Dans l'épuration du style, Fermine est pire qu'Echenoz. Echenoz vire tout, même le bon, Fermine le fait aussi, mais en pire. Là où sa plume est passée, les mots n'ont visiblement pas repoussés.
Je veux dire par là que malheureusement, Fermine n'explore pas la langue ni ne joue avec. C'est malheureux...

30 décembre 2008

Lis !

hierQu'on me passe le catalogage de la littérature francophone avec les francais, mais c'est plus pratique. Alors bon...

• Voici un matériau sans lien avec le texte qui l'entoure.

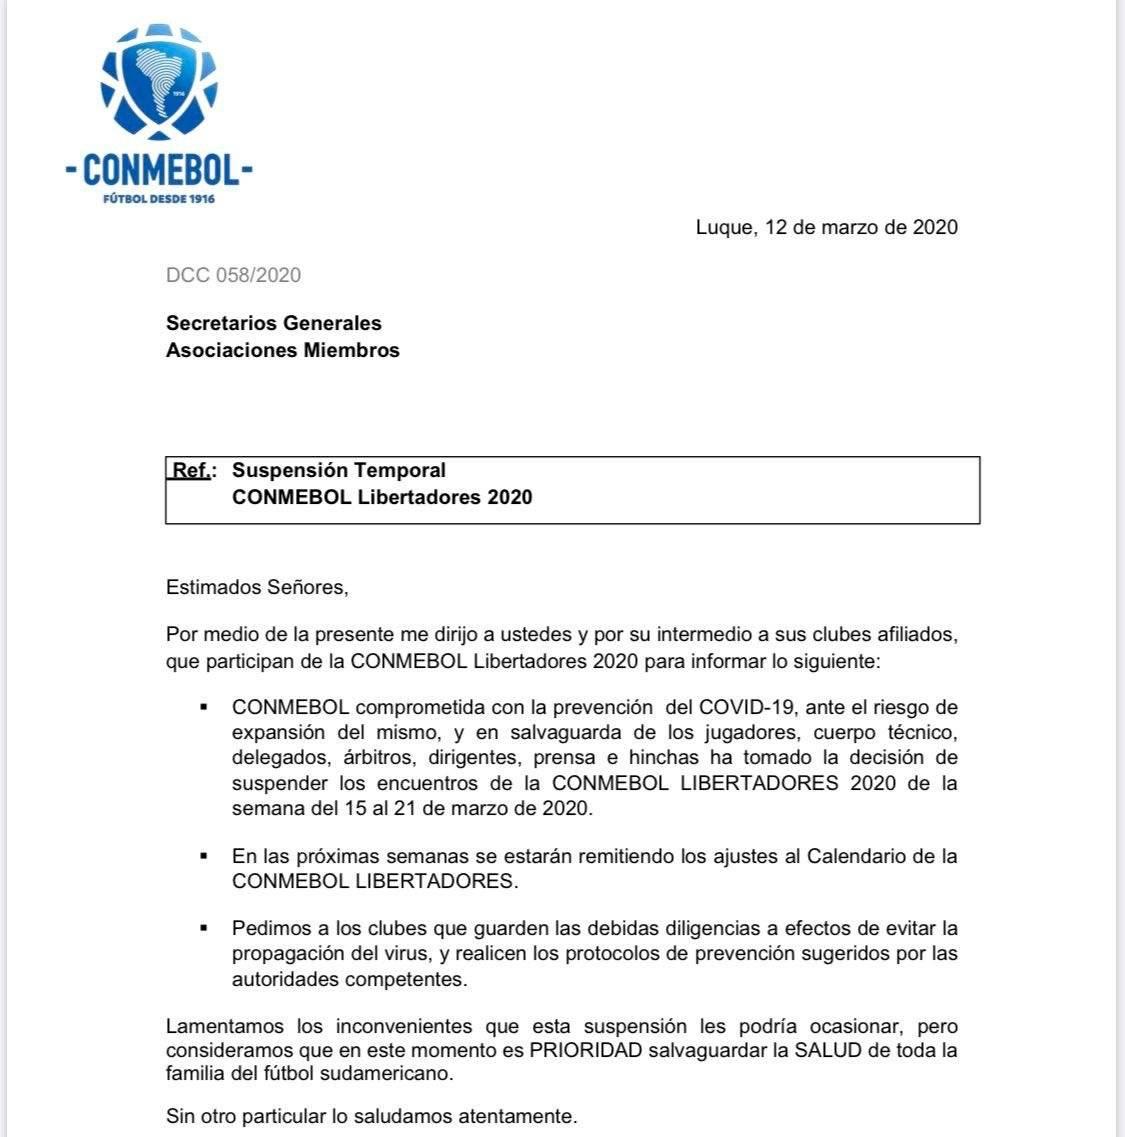 Conmebol suspende Libertadores
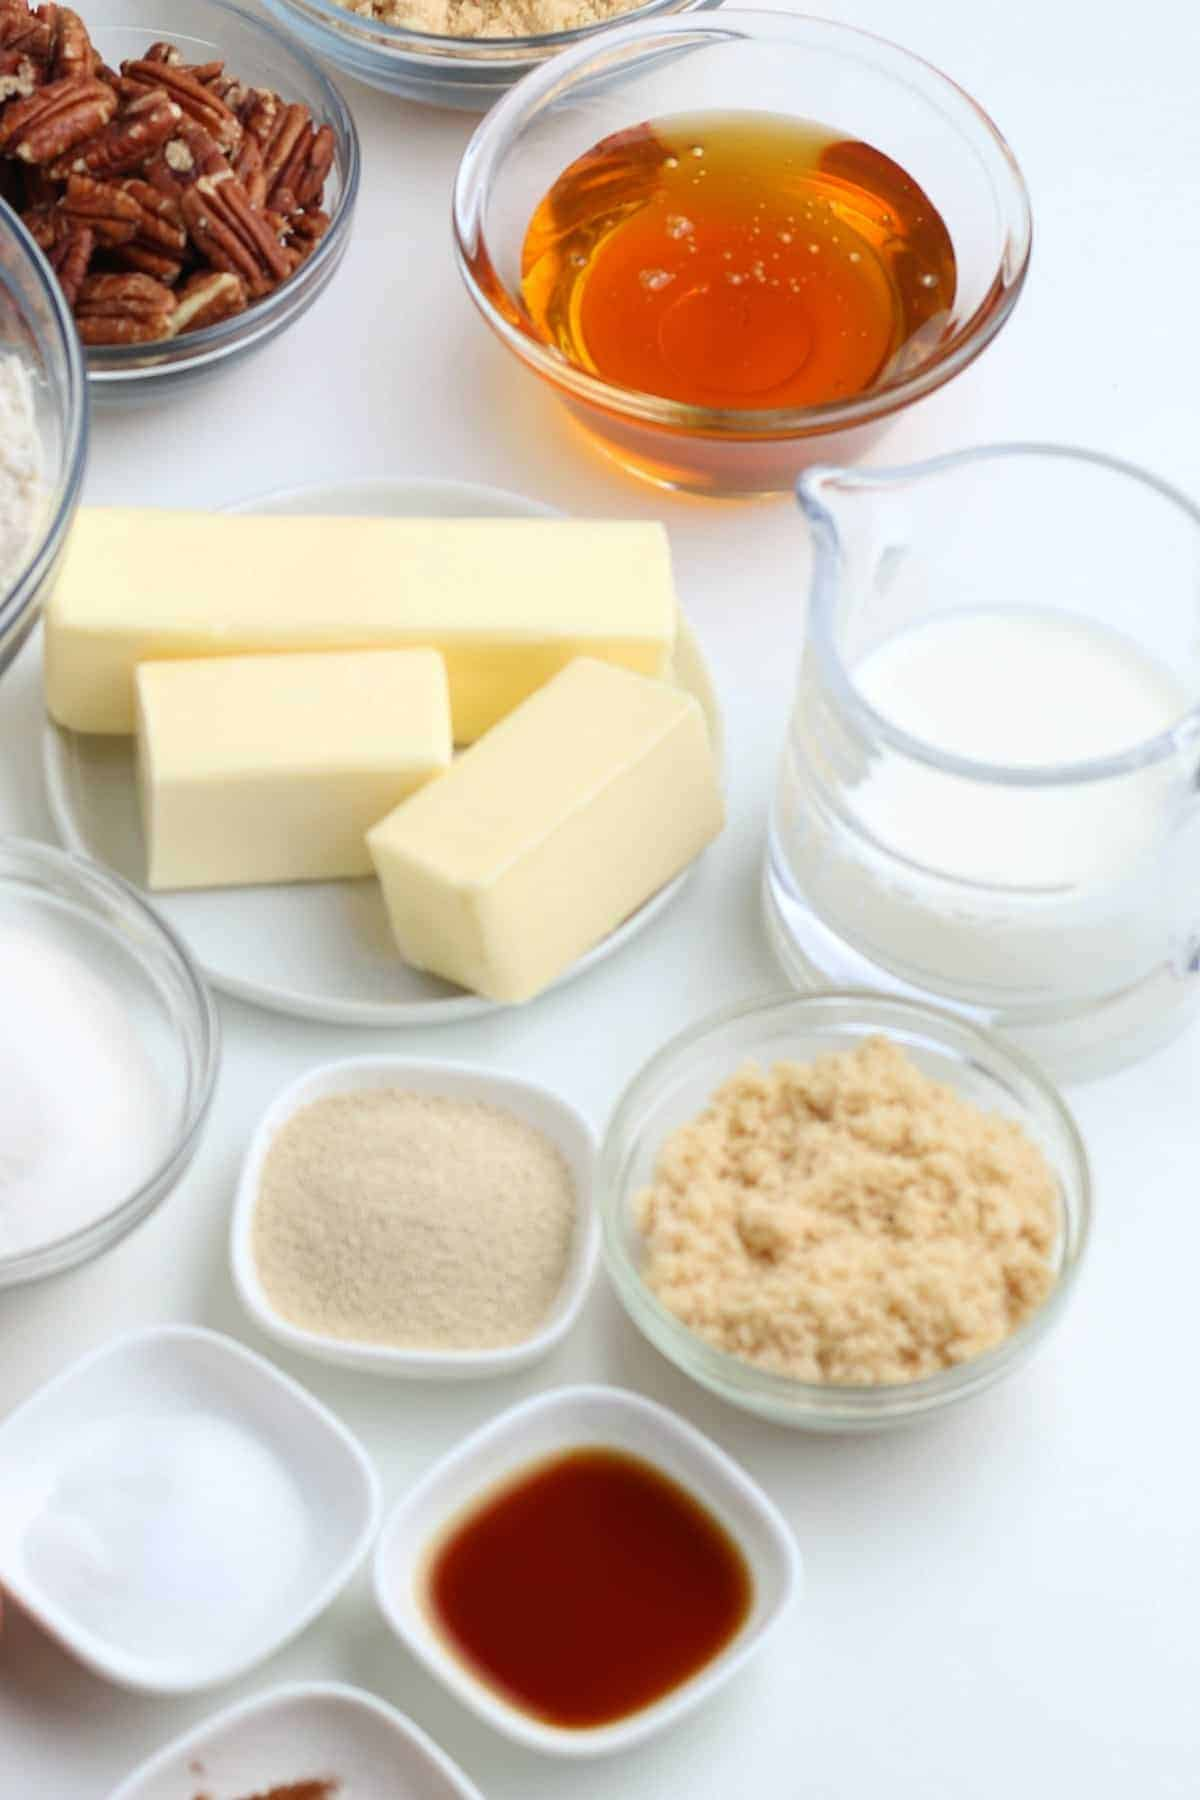 Ingredients to make vegan sticky buns.

"Hier", Agota Kristof, Points. Enfin, je veux dire, collection Points. Et pour éclipser "Brummstein", y'a pas mieux. Même pour éclipser "La traversée du Mozambique par temps calme", "Où on va, Papa ?", et même aussi "Folk", et les autres d'avant, qui ne sont quand même pas des merdes. En effet, c'est gris et pas très joyeux, mais, c'est super bien écrit. Dans un style qui se prend pas la tête, qui va à l'essentiel, qui ne s'encombre pas d'inutile, mais qui raconte ce qu'il faut, qui dépeind bien le vrai quotidien, qui n'embellit pas. Vous allez penser, très certainement, que j'éxagère et pourtant je pèse mes mots: Agota Kristof est une auteur à avoir lu dans sa vie. Crever sans avoir lu au moins un bouquin d'Agota Kristof, ce serait au moins passible de la peine capitale. C'est tellement bien foutu qu'on a plus rien à rajouter à près. Lis moi ca, tu m'en diras des nouvelles.

15 novembre 2008

Le problème, c'est que le cadavre est resté vivant

dernires_nouvelles_du_bourbierAh, Alexandre Ikonnikov ! Voilà un homme qui doit être heureux d'être russe. S'il vivait en France, on aurait pu faire des quintaux de calembours pourris et autres jeux de vaseux sur son nom.
Et en plus, il n'écrit pas trop mal. Pas de quoi faire un prix Andrei Biely, mais il faut bien remarquer que ca ferait mal au coeur quand ême d'utiliser son bouquin pour emballer un maquereau fraichement pêché. Alors que pour Guillaume Musso ca poserait pas de problème: ca s'appelle le recyclage et Delanoe est pour.
Pour en revenir à Ikonnikov, c'est plaisant, disais-je. Ca reflète assez bien la Russie actuelle et la montre sous un angle qu'on ne connait pas tellement enfin de compte, ca ne montre pas les intrigues compliquées des hautees sphères du pouvoir, des dollars (oui, je sais, mais il y a encore quelques années, le dollar était plus utilisé dans l'ex-URSS que le rouble, trop dévalué) et de la coke. Ca ne montre pas Poutine mais un Sotnikov. Ou pour donner un élément de comparaison, ca ne montre pas un Sarko, mais un Fouselier (par exemple. enfin, j'entends par "Fouselier" un inconnu, un gérant d'une Brioche Dorée ou un magasinier de Monoprix, même si là bas, on parle plus de postier ou de directeur de kolkhoze.)
Le tout se présente sous forme de nouvelles assez courtes et de temps à autres assez décalées, ce qui laisse place à des phrases complètement absurdes, telles "Le problème, c'est que le cadavre est resté vivant" ou bien à propos d'une course de jeep organisée dans un stade municipal par l'armée: "Il a foncé pleins gaz dans la tribune en criant "Bordel de merde, qu'est que que vous avez tous à me regarder comme des cons ?". On se retrouve avec des quidams se retrouvant par un concours de circonstances à s'endormir dans un cercueil avec un sac de comcombres trempés à la main, un racketteur sympathisant avec sa victime et lui offrant finalement une vodka... Il n'est pas interdit de s'imaginer que ce livre, "Dernières nouvelles du bourbier" est noir mais ce serait se tromper. Même si les thèmes des nouvelles ne sont pas des plus joyeux, c'est un livre qui reste assez gai grâce à l'humour grincant dont Ikonnikov a fait preuve. C'est corosif, c'est hilarant, ca rince des tripes et la rate.
Si le cercle de lecture des Mouches sont des casse-cou de la littérature et prêts à s'aventurer dans des auteurs dont la notoriété ne doit pas dépasser Brest-Litovsk, "Dernières nouvelles du bourbier" pourrait parfaitement être un bon choix. Mais qu'on ne me fasse pas dire ce que je n'ai pas dit. Je ne veux influencer personne.